De Raad constateerde dat in de periode in geding sprake was van werkzaamheden in twee landen, zoals bedoeld in Verordening (EG) nr. 883/2004. De Raad oordeelde dat de objectieve situatie van de werknemer bepalend is voor de vraag of een substantieel gedeelte van de werkzaamheden in Nederland werd verricht. De Raad volgde de rechtbank in haar oordeel dat betrokkene niet aannemelijk had gemaakt dat hij in 2012 en 2013 een substantieel gedeelte van zijn werkzaamheden in Nederland verrichtte, maar dat dit wel het geval was voor de periode van 1 januari 2014 tot en met 30 september 2015. De Raad bevestigde de uitspraak van de rechtbank en oordeelde dat de Nederlandse sociale zekerheidswetgeving op betrokkene van toepassing was voor deze periode.

De uitspraak benadrukt het belang van objectieve gegevens bij de beoordeling van de toepasselijkheid van sociale zekerheidswetgeving in grensoverschrijdende situaties.

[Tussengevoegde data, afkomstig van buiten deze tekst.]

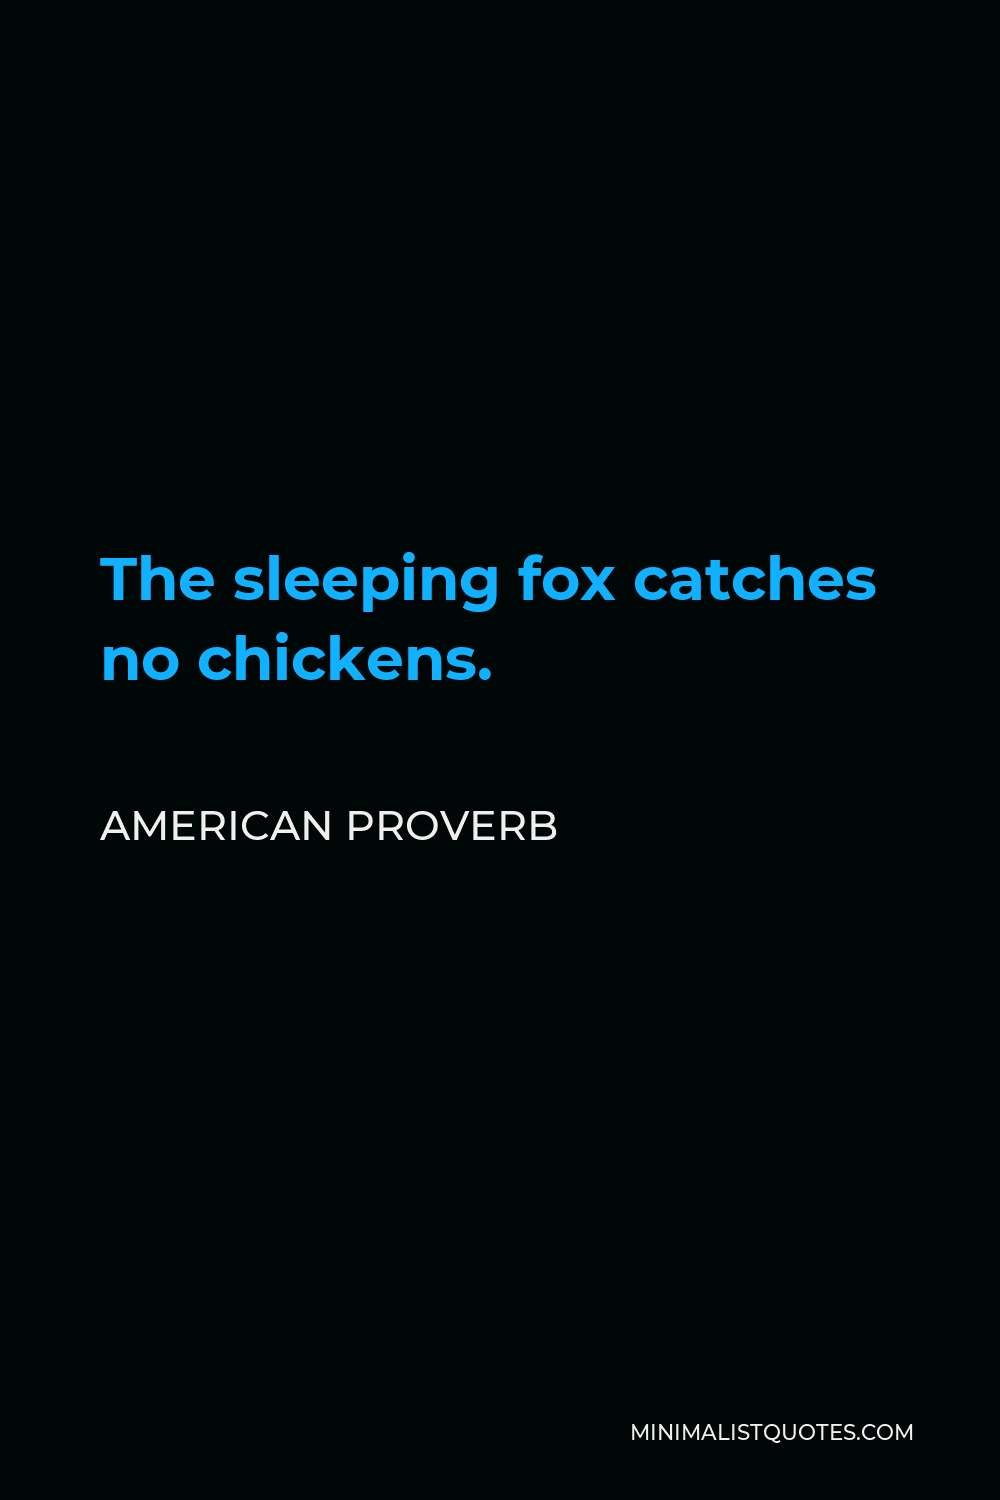 American Proverb Quote - The sleeping fox catches no chickens.

De Raad wees erop dat de bewijslast bij de werknemer ligt en dat onduidelijkheden in de bewijsvoering voor zijn risico komen. De uitspraak heeft implicaties voor werknemers die in meerdere lidstaten werkzaam zijn en de toepassing van sociale zekerheidswetgeving in dergelijke gevallen.

Uitspraak

18.1737 AOW, 18/2126 AOW

Centrale Raad van Beroep
Meervoudige kamer
Uitspraak op de hoger beroepen tegen de uitspraak van de rechtbank Amsterdam van 20 februari 2018, 17/3755 (aangevallen uitspraak)
Partijen:
[appellante N.V.] te [vestigingsplaats 1] (België) (appellante)
de Raad van bestuur van de Sociale verzekeringsbank (Svb)
[Betrokkene] te [woonplaats] (betrokkene)
Datum uitspraak: 17 september 2020
PROCESVERLOOP
Namens appellante heeft mr. I. van Loock, advocaat te België, hoger beroep ingesteld.
De Svb heeft een verweerschrift ingediend.
Namens betrokkene heeft mr. T. Van de Calsyede, advocaat te België, incidenteel hoger beroep ingesteld.
De Svb heeft een zienswijze ingediend.
Appellante heeft een zienswijze ingediend.
Het onderzoek ter zitting heeft plaatsgevonden op 13 augustus 2020. Appellante heeft zich laten vertegenwoordigen door mr. van Loock. De Svb heeft zich laten vertegenwoordigen door mr. M.F. Sturmans.
Betrokkene is verschenen, bijgestaan door mr. L. Bruynseels, advocaat te België.

OVERWEGINGEN

1. Betrokkene is op 1 november 2012 in dienst getreden bij appellante, een in België gevestigde fabrikant van ijsproducten. Betrokkene vervulde de functie van [naam functie] . Op 30 september 2015 heeft appellante de arbeidsovereenkomst met betrokkene met onmiddellijke ingang beëindigd. Betrokkene heeft tegen appellante een arbeidsrechtelijke procedure aangespannen. Op 29 juni 2018 heeft het Arbeidshof Antwerpen arrest gewezen in die procedure. Voor zover van belang heeft het Arbeidshof het standpunt dat betrokkene ten onrechte onderworpen is geweest aan Belgische sociale zekerheidswetgeving verwezen naar de bijzondere rol in afwachting van deze uitspraak van de Raad.
1.1.
Bij brief van 7 november 2016 heeft betrokkene bij de Svb een aanvraag gedaan om een verklaring van de toepasselijke sociale verzekeringswetgeving, de zogenaamde A1-verklaring, voor de periode 1 november 2012 tot en met 30 september 2015 (periode in geding).
1.2.
Bij besluit van 5 januari 2017 heeft de Svb een A1-verklaring aan betrokkene verstrekt. In die verklaring is vermeld dat op betrokkene van 1 november 2012 tot en met 30 september 2015 de Nederlandse sociale zekerheidswetgeving van toepassing is op grond van Verordening (EG) nr. 883/2004 (Vo 883/2004).
1.3.
Appellante heeft bezwaar gemaakt tegen het besluit van 5 januari 2017. Bij besluit van 16 mei 2017 (bestreden besluit) heeft de Svb het bezwaar van appellante ongegrond verklaard.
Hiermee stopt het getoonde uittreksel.